Secondly, in the affidavit to which we have referred, Mr Hwang states he has found it difficult, bordering on impossible, to secure meaningful employment because of the conviction. This in turn has financial consequences. In short, it is difficult for Mr Hwang to support himself if he cannot obtain sufficiently well-paying employment.
Thirdly, Mr Hwang submits the conviction has adverse implications for his ability to travel, including to Korea where he was born and where members of his family are living.
Fourthly, the conviction has had an ongoing impact on Mr Hwang’s mental health. Whilst doing his best to make a fresh start, Mr Hwang is suffering from increased depression and ongoing post-traumatic stress disorder.
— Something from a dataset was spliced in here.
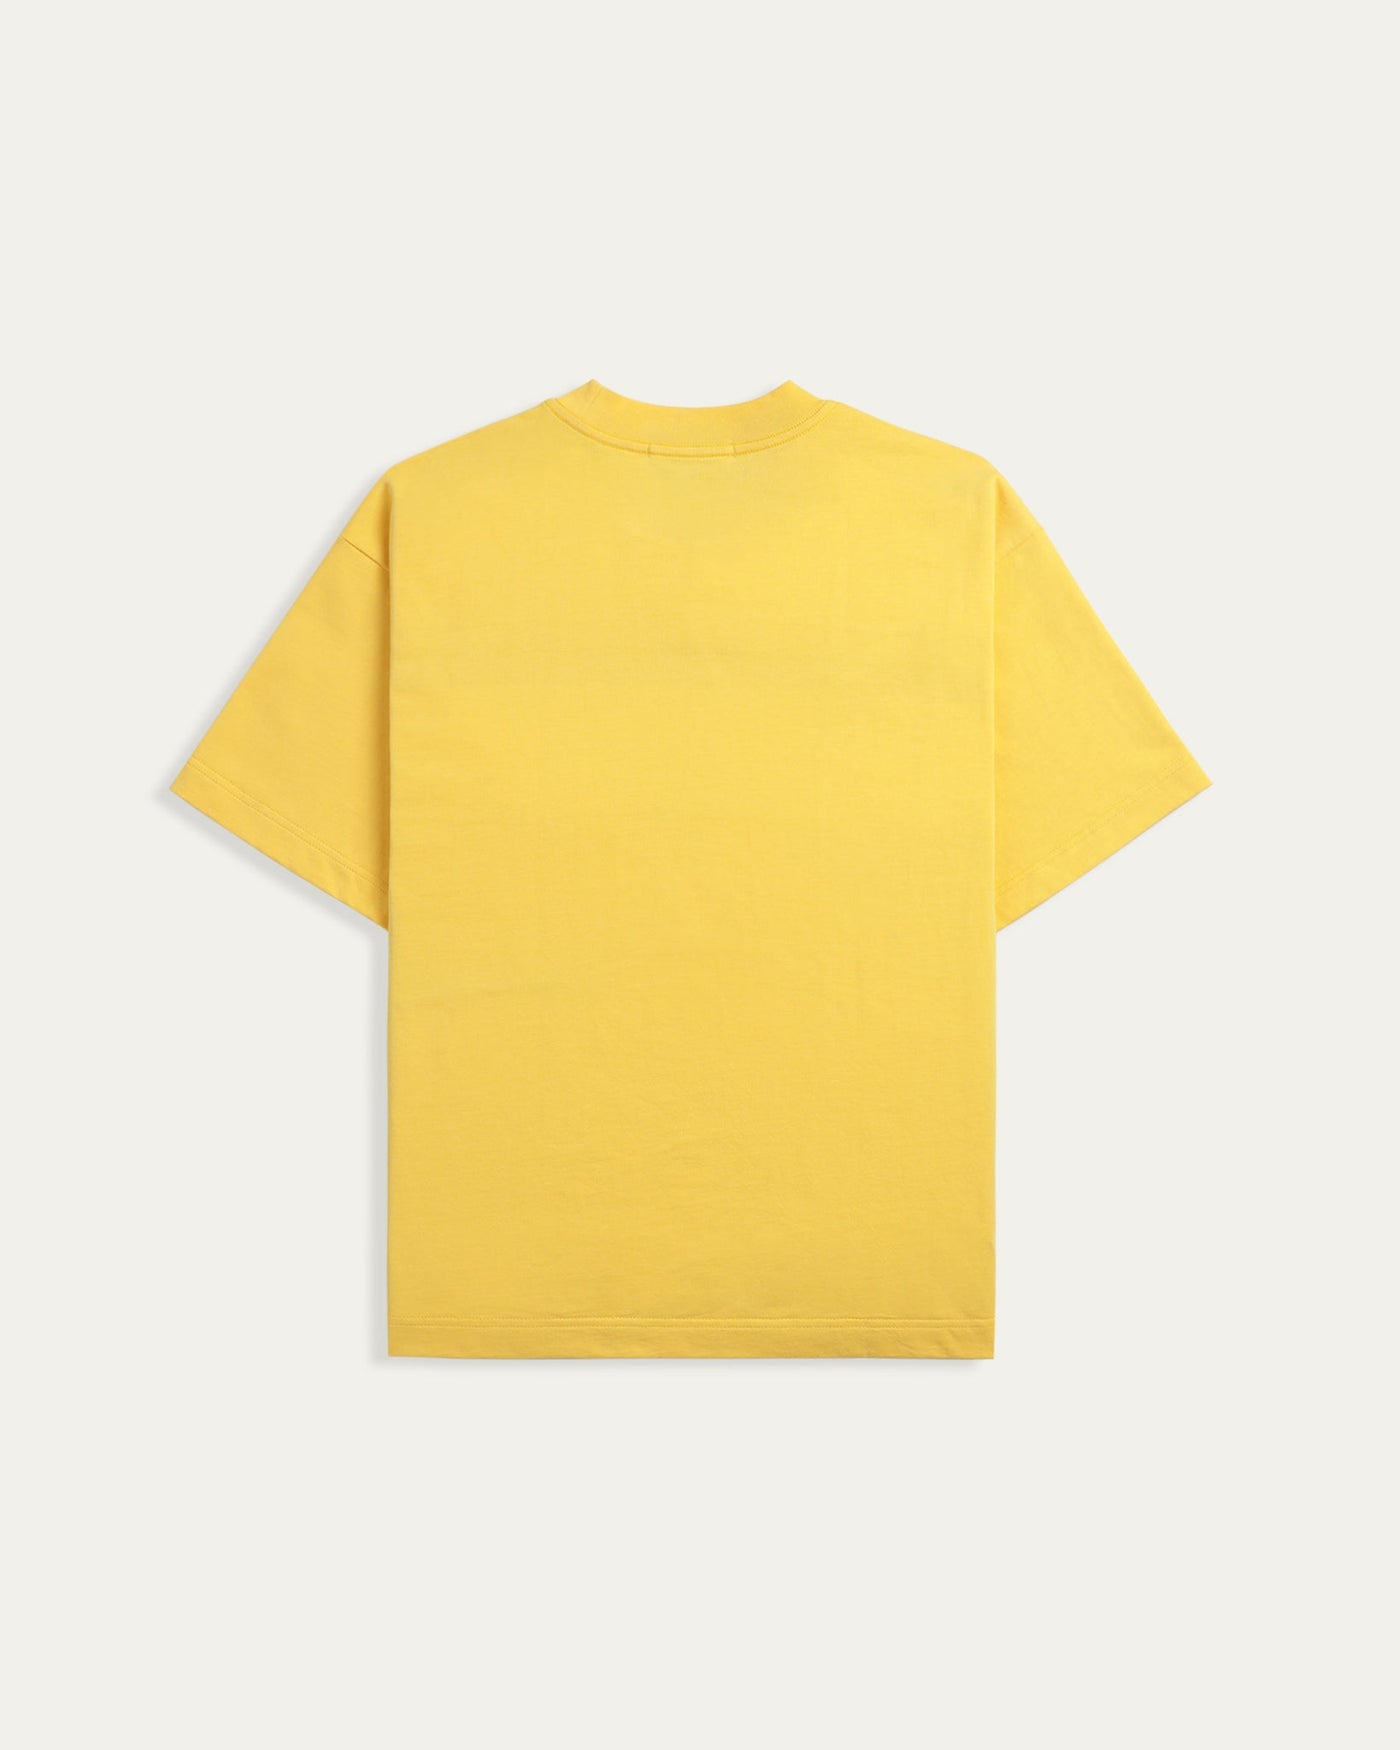 My Heaven Patches Boxy T-shirt - Yellow - TOBI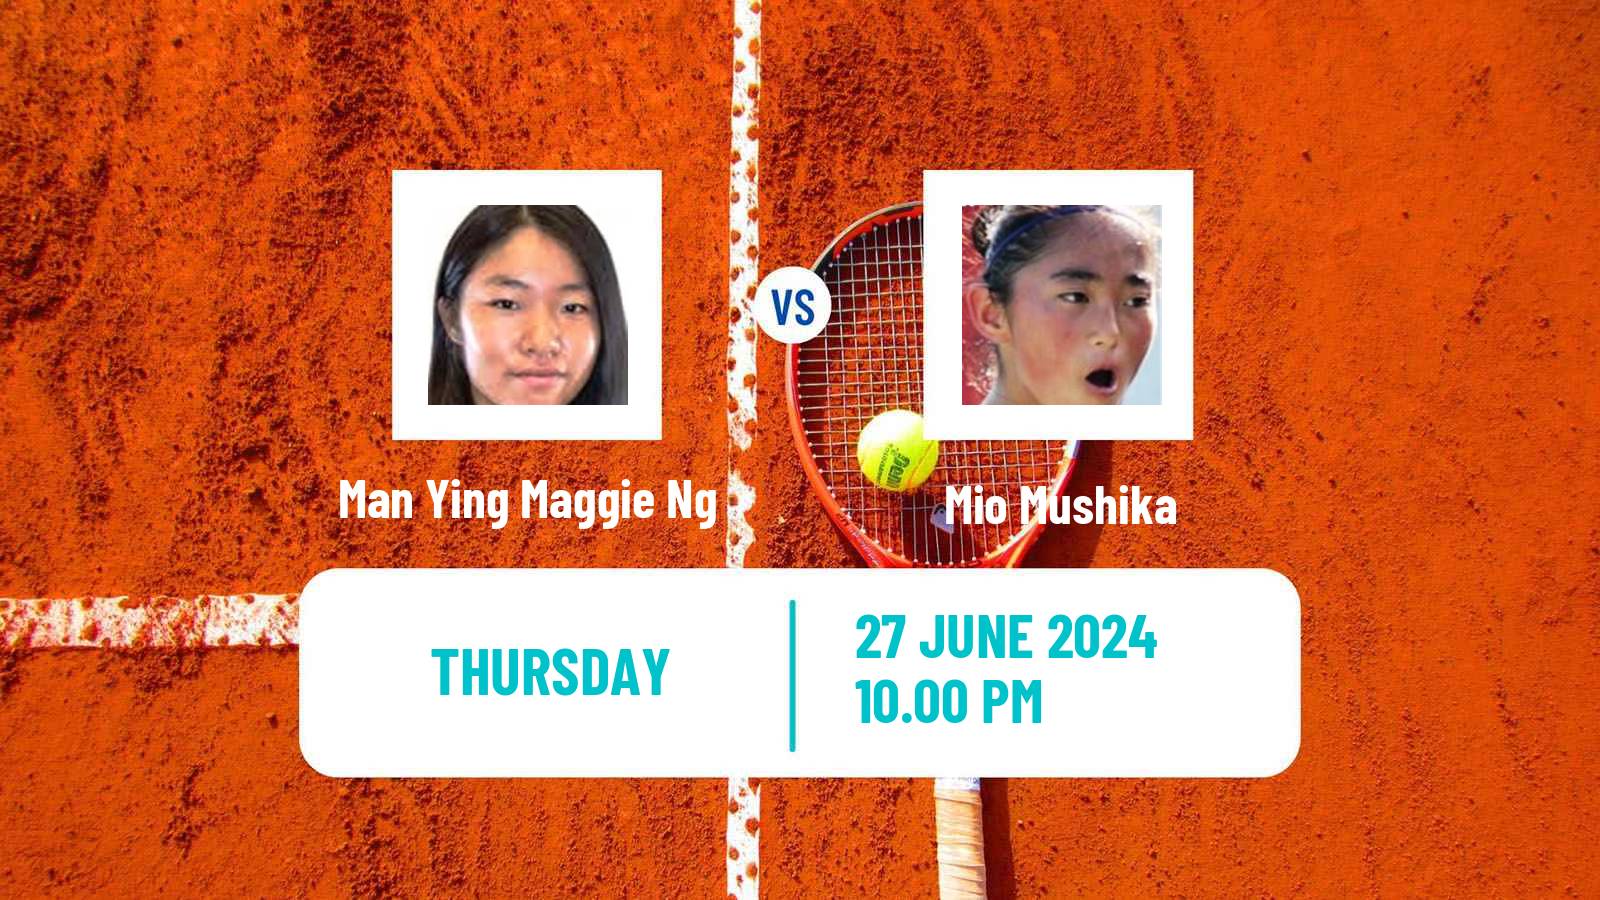 Tennis ITF W15 Hong Kong Women Man Ying Maggie Ng - Mio Mushika

By way of example, Mr Hwang cited to us his inability to complete a course of study at Auckland University of Technology in which he was enrolled in 2023.
Mr Davie made a number of submissions in opposition to Mr Hwang’s appeal. Mr Davie submits, correctly, that several of the consequences Mr Hwang advances should have been proved by affidavit evidence from a third party, which they have not been.
Mr Davie also drew our attention to additional convictions that Mr Hwang has accrued for dishonesty offending since his conviction for arson. Mr Davie submits that, because of this subsequent offending, Mr Hwang would suffer many of the consequences outlined above in any event.
There may be some merit in this last submission. However, it is fair to say that Mr Hwang’s dishonesty offending is significantly less serious than the arson and, although Mr Hwang did not say as much, might reflect the difficulties that he has experienced in obtaining employment.
Discussion
As it happens, we do not need to discuss Mr Davie’s submissions in any detail. The critical point is that, even if we accept Mr Hwang’s submissions as to the consequences of conviction, they are not out of all proportion to the gravity of the offending.
We can only repeat that this offending was extremely serious and the consequences of conviction that Mr Hwang has advanced, even if proved in the orthodox manner, do not come close to the level required to put a discharge without conviction in reach. Nor can we imagine circumstances in which those consequences would ever do so.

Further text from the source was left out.